Sunday 20 July 2008

Diet for good health during conception and pregnancy

Many couples experience difficulties trying to conceive. But by making a few changes to your eating habits before and during pregnancy both of you could boost your chances of success.
 
A nutrient-rich diet that's packed with antioxidants will help to protect maturing sperm and eggs. Include different coloured fruit and vegetables in your daily diet for the most beneficial range of vitamins and nutrients.

To help promote healthy sperm, replace saturated and hydrogenated fats in your diet with olive oil, and eat foods rich in essential fats such as avocados, nuts, seeds and oily fish like sardines and mackerel. These promote healthy sperm as well as being beneficial for a developing foetus.

Zinc is a key nutrient for would-be mothers and fathers. It promotes healthy sperm in men, while reducing the risk of premature birth. The best sources are seafood, meat, eggs, lentils, seeds and wholegrains.

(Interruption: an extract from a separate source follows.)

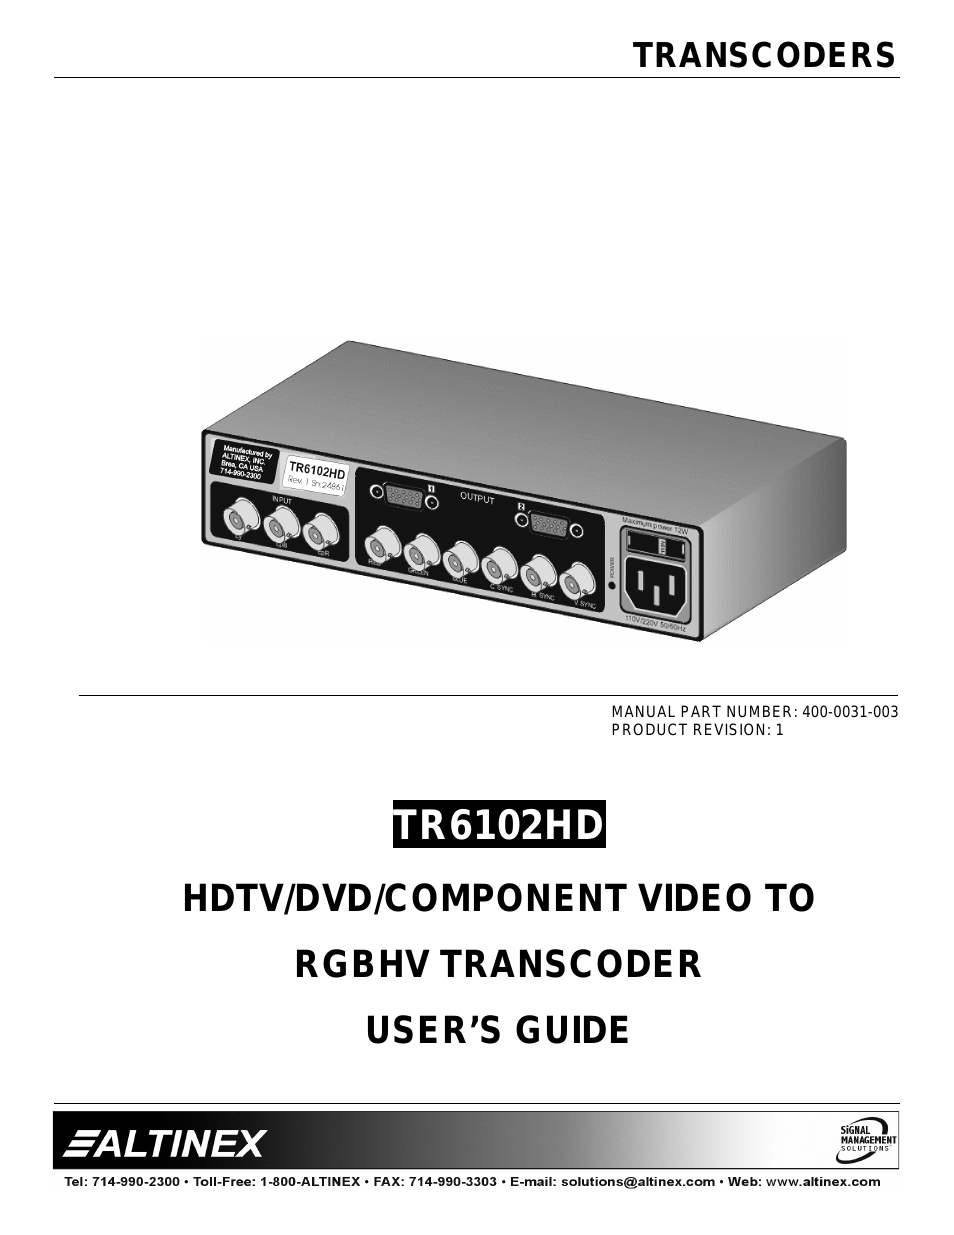 HDTV/DVD/Component Video to RGBHV Transcoder TR6102HD

Ready Brek Original, which is low in salt and sugar unlike other breakfast cereals, contains about a sixth of your daily zinc requirement; add a handful of pumpkin seeds or cashew nuts and you'll double the dose.

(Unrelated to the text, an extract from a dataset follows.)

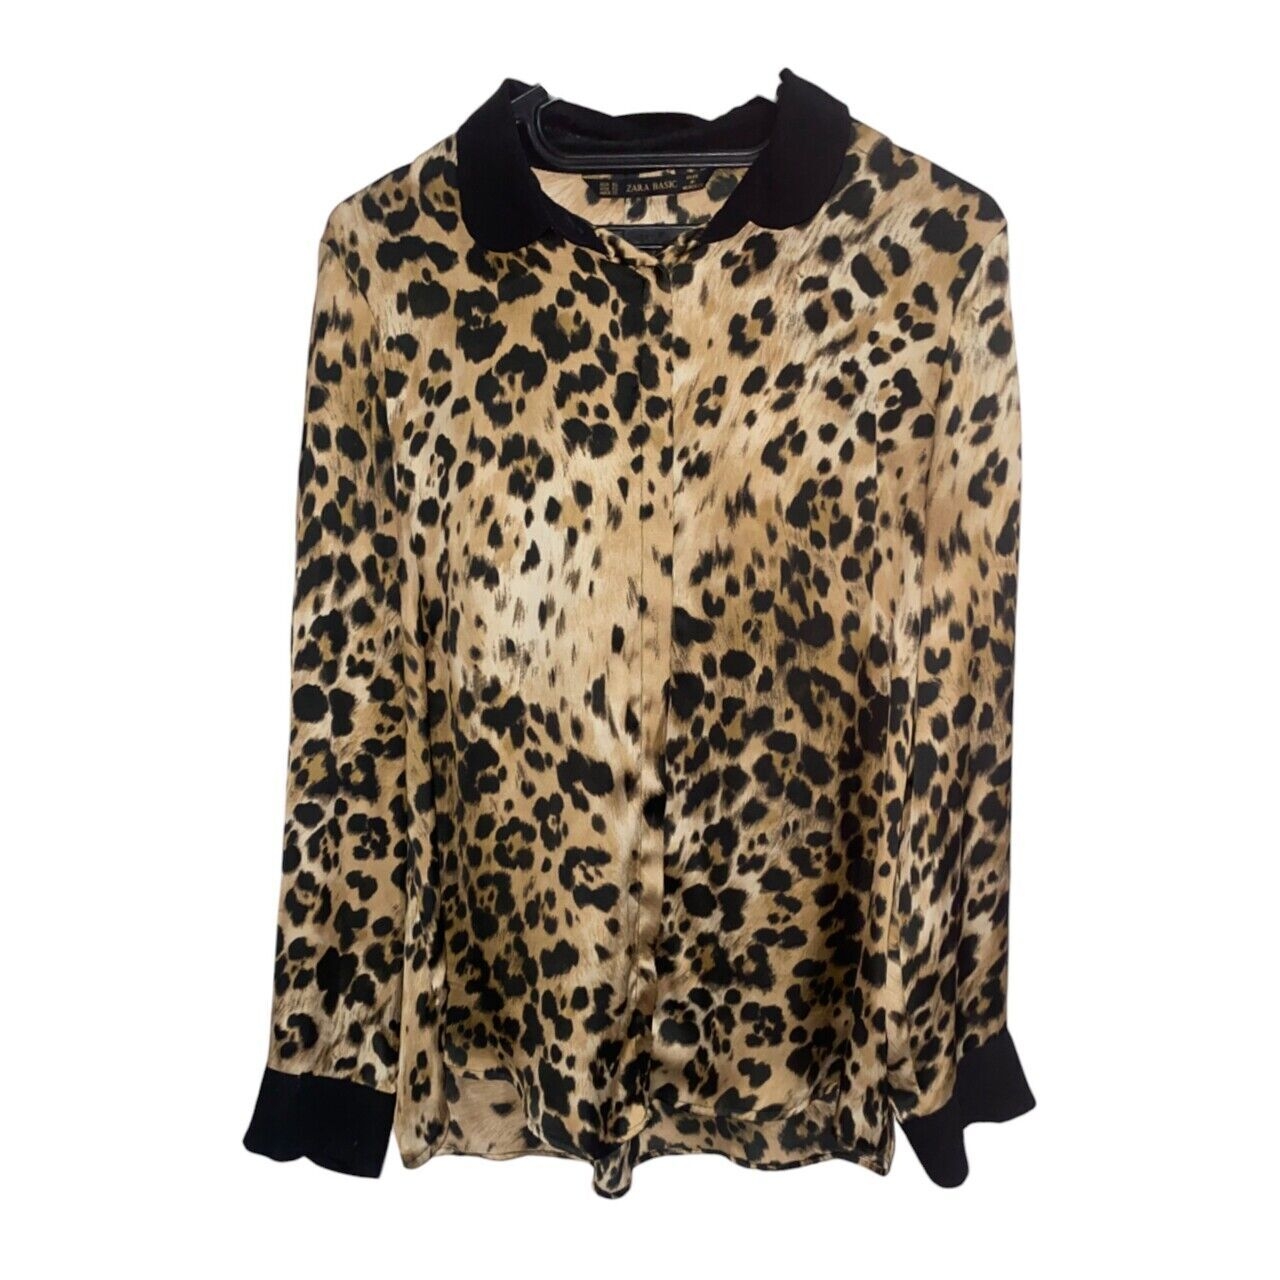 Zara Brown & Black Leopard Shirt

During the first four weeks of pregnancy, taking a folic acid supplement (400ug per day) can help prevent neural tube defects in the foetus such as spina bifida.

Many other nutrients play a role in conception and foetal development. Deficiencies are more common in pregnancy; expectant women can lack iron, for instance, and to help their bodies absorb the amounts found in red meat, pulses, bread and green vegetables, they will need to keep topped up with vitamin C.